> **WHAT THIS TASK INVOLVES**:
Please set down only the lines below starting with the line with "Method and apparatus" and going on through the line with "a man standing", verbatim and without pictures.

### EXTRACTED ENTRIES ###

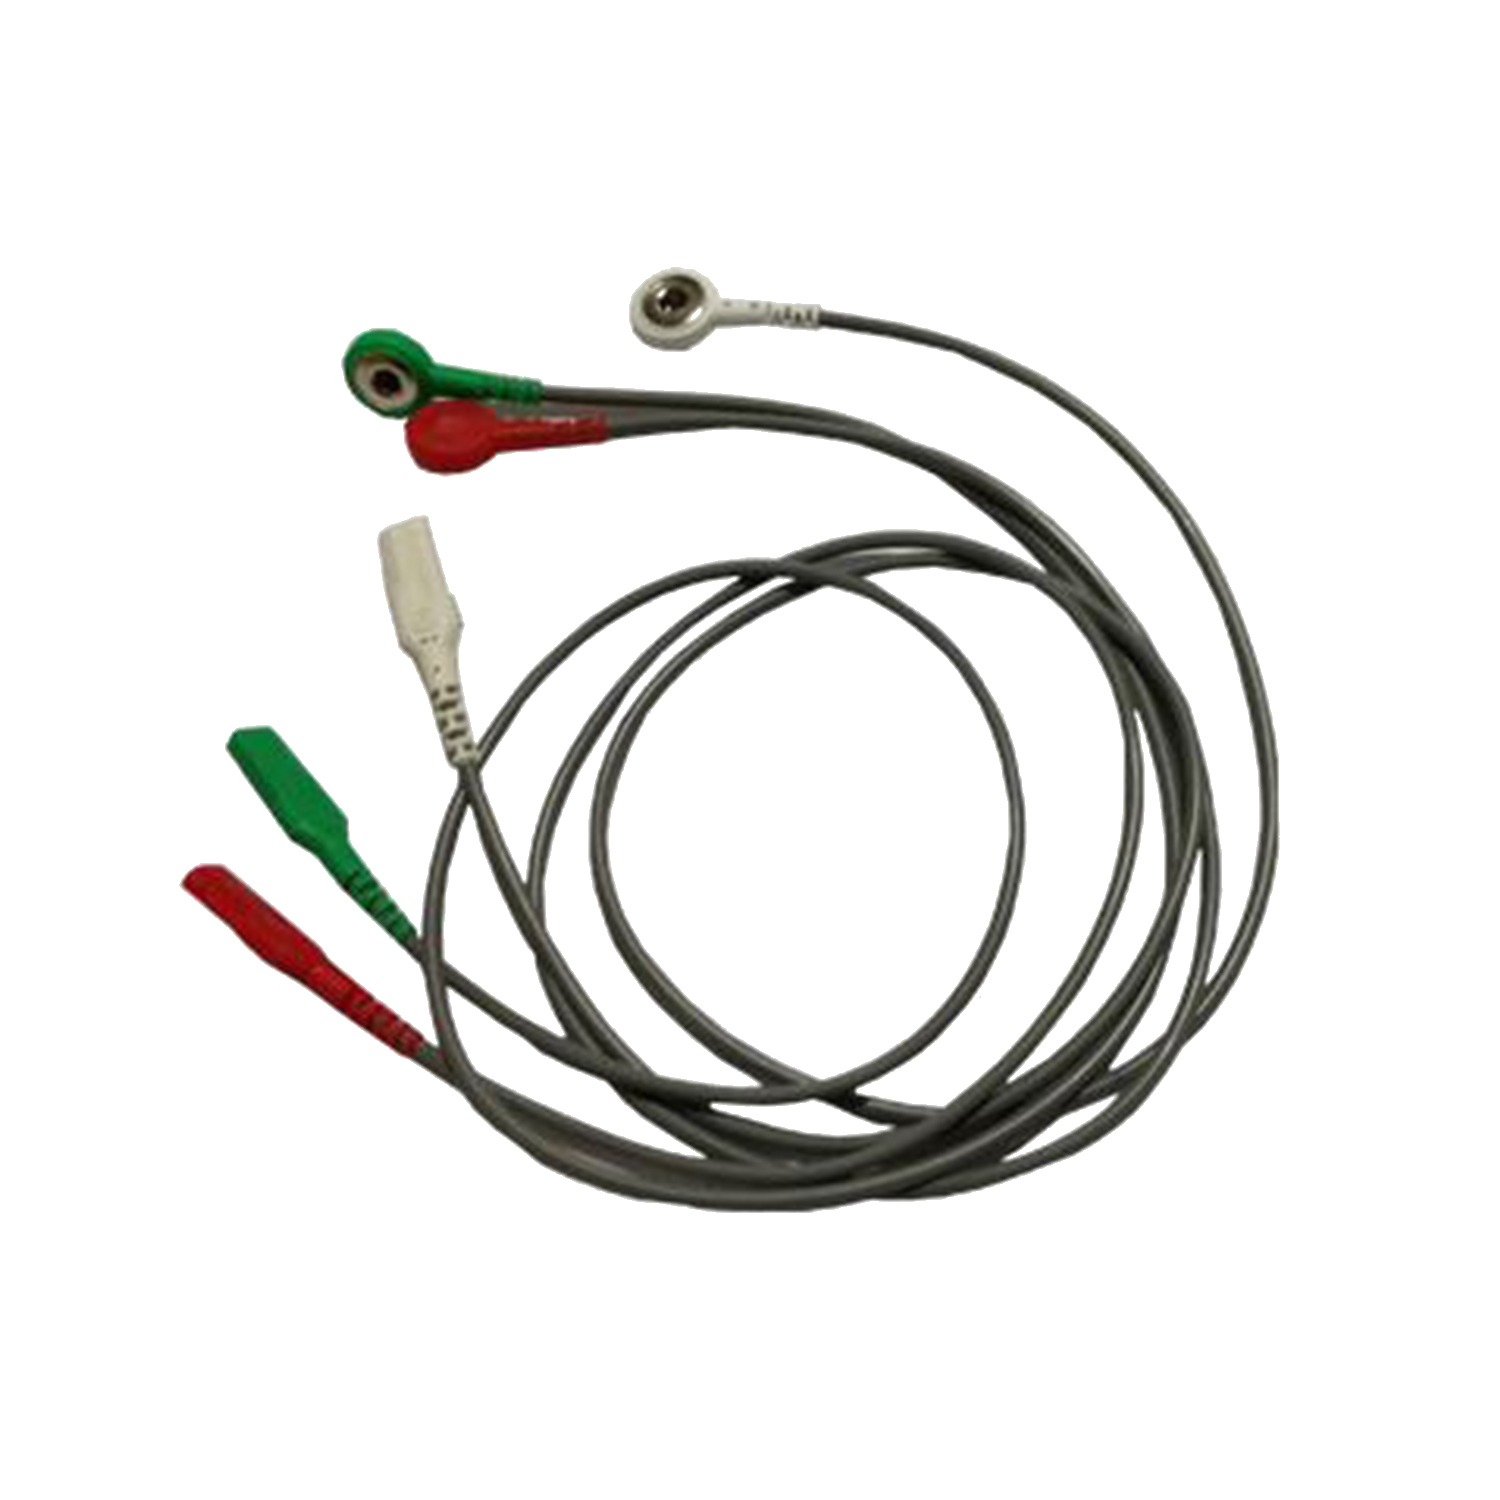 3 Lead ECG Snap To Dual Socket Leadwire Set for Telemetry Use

###
### EXTRACTED ENTRIES ###

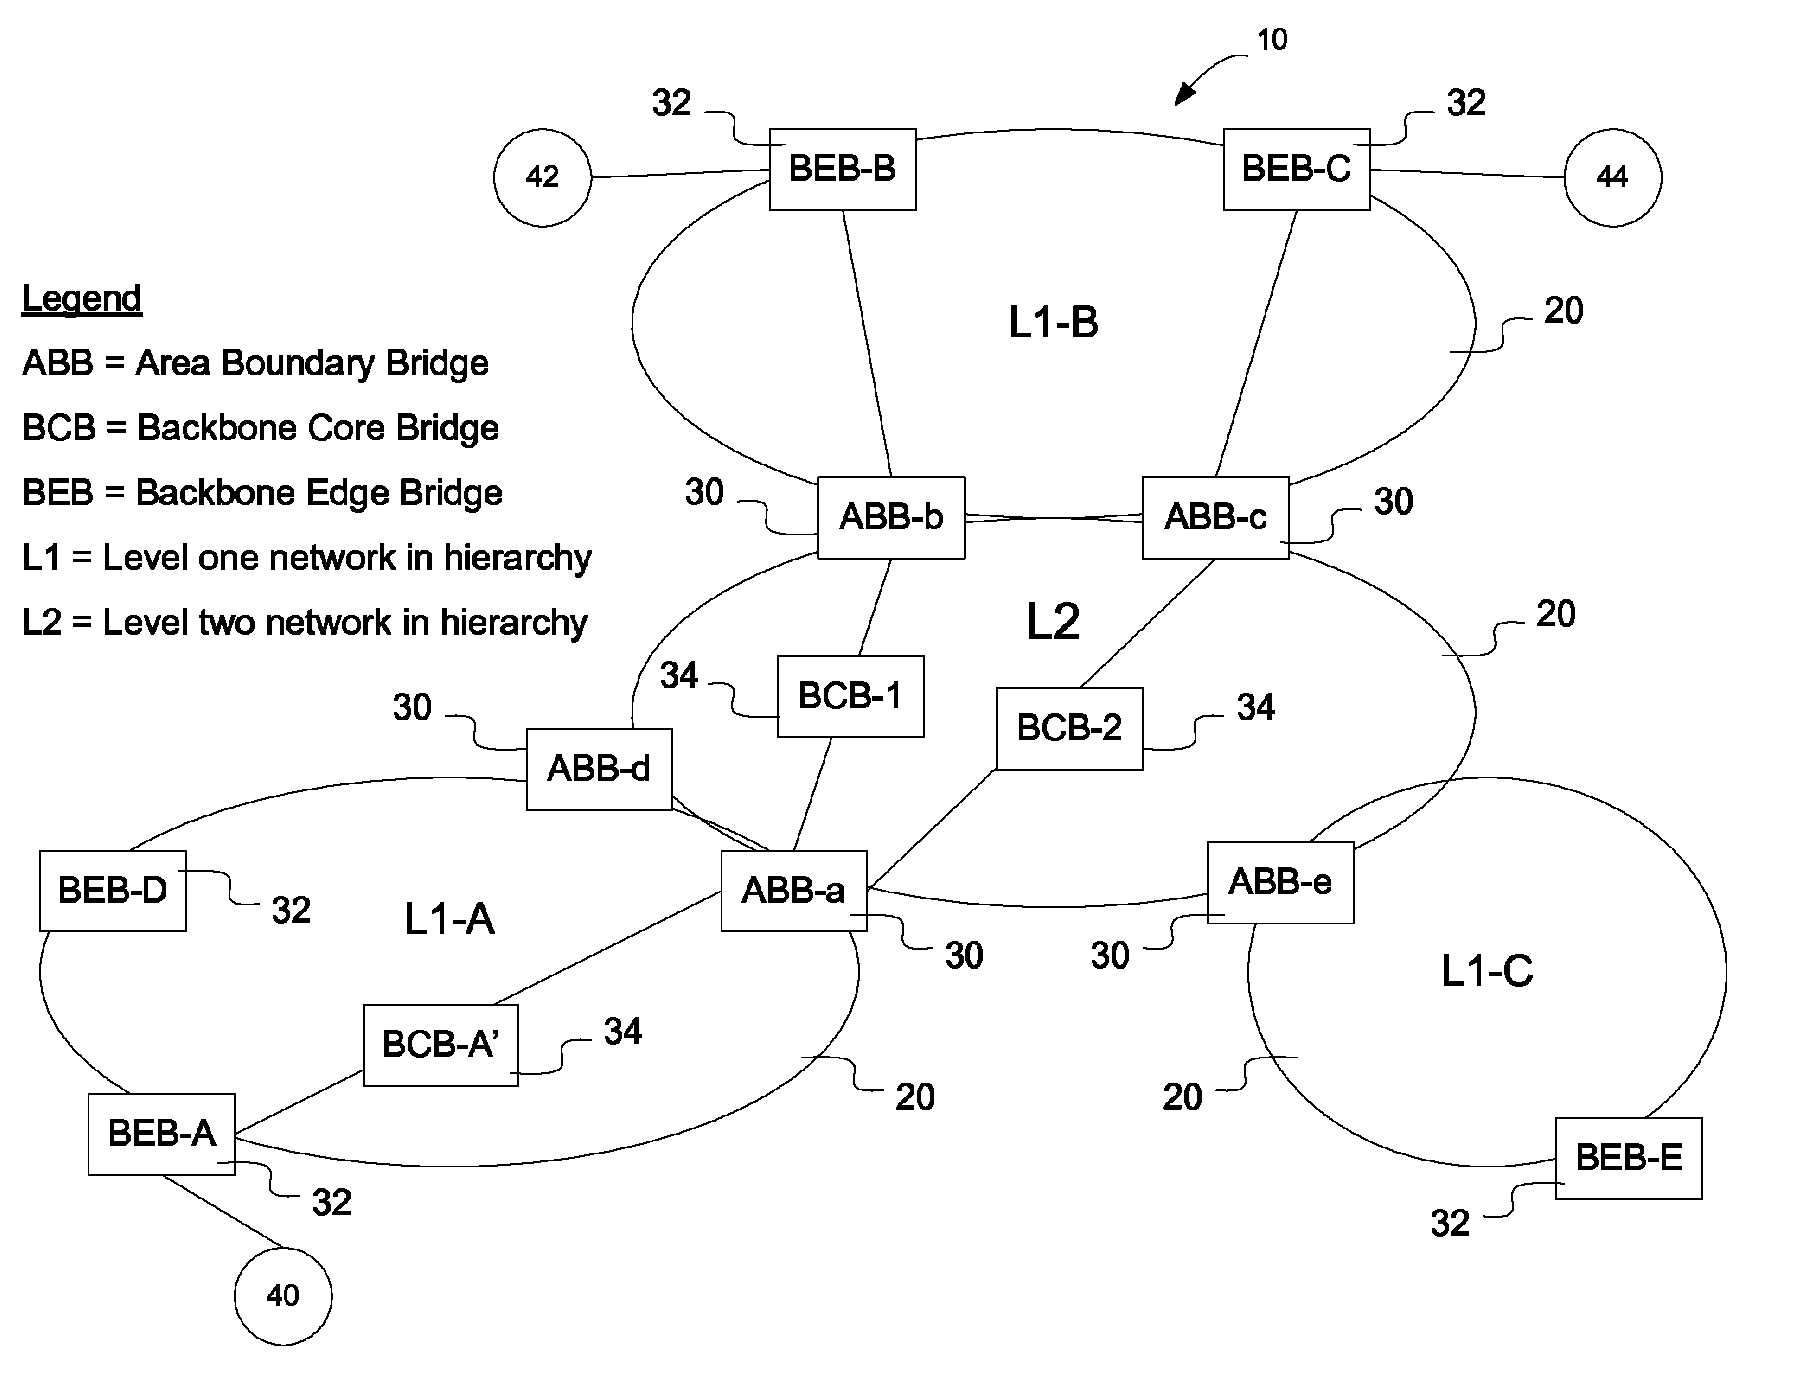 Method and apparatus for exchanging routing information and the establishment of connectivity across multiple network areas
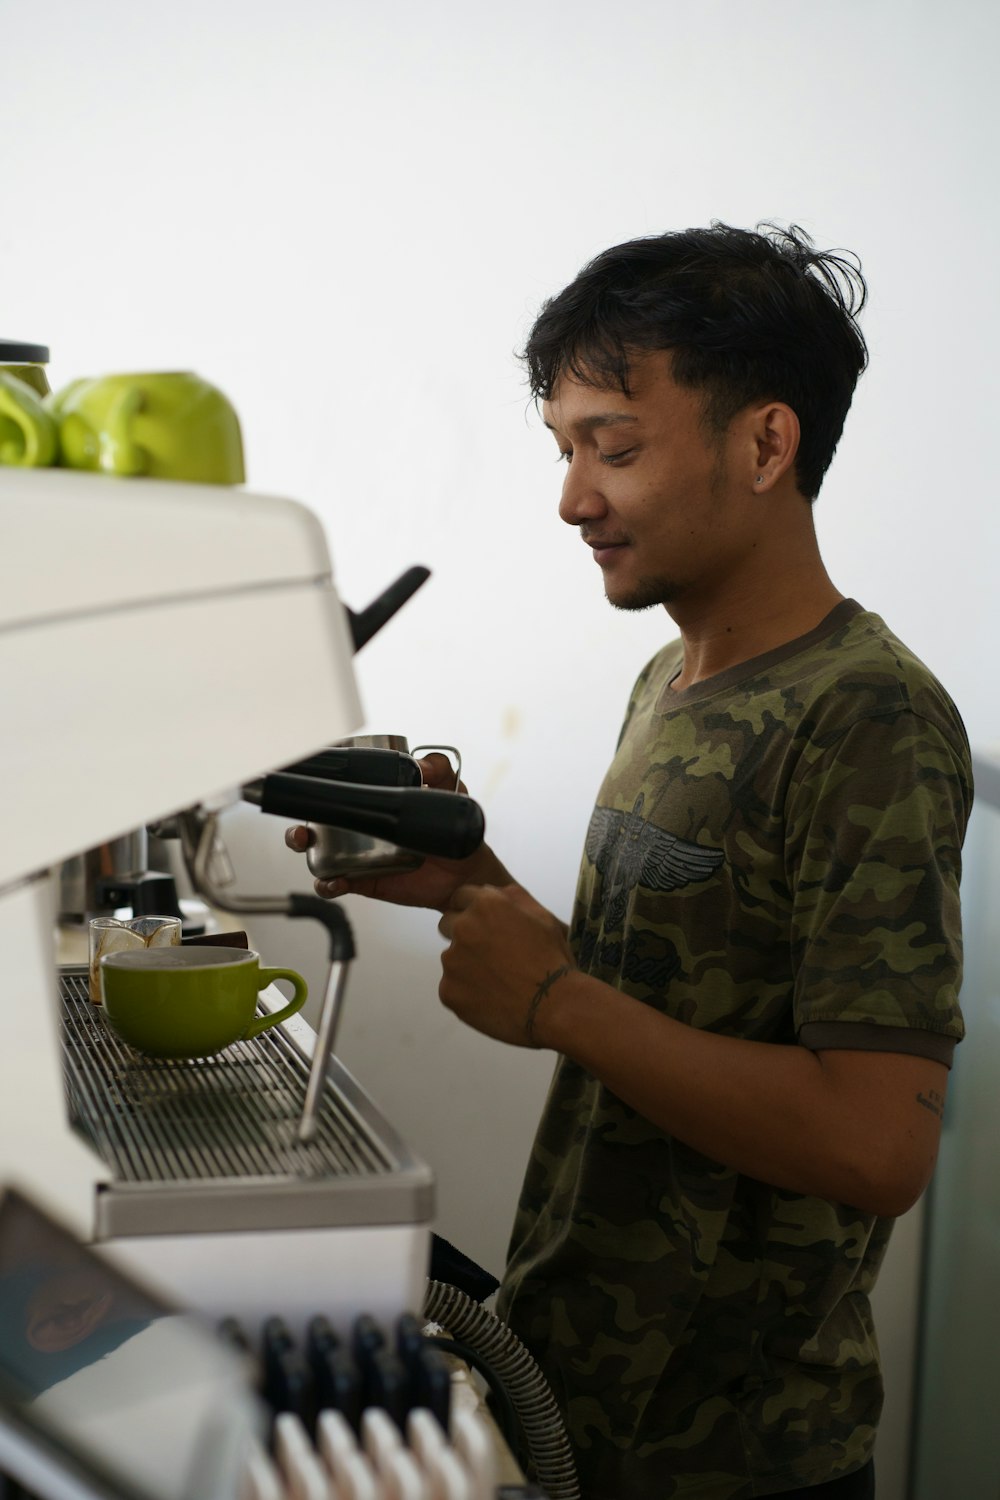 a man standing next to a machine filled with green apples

###

> **PROBLEM SOLUTION**:
 Method and apparatus for exchanging routing information and the establishment of connectivity across multiple network areas
 a man standing next to a machine filled with green apples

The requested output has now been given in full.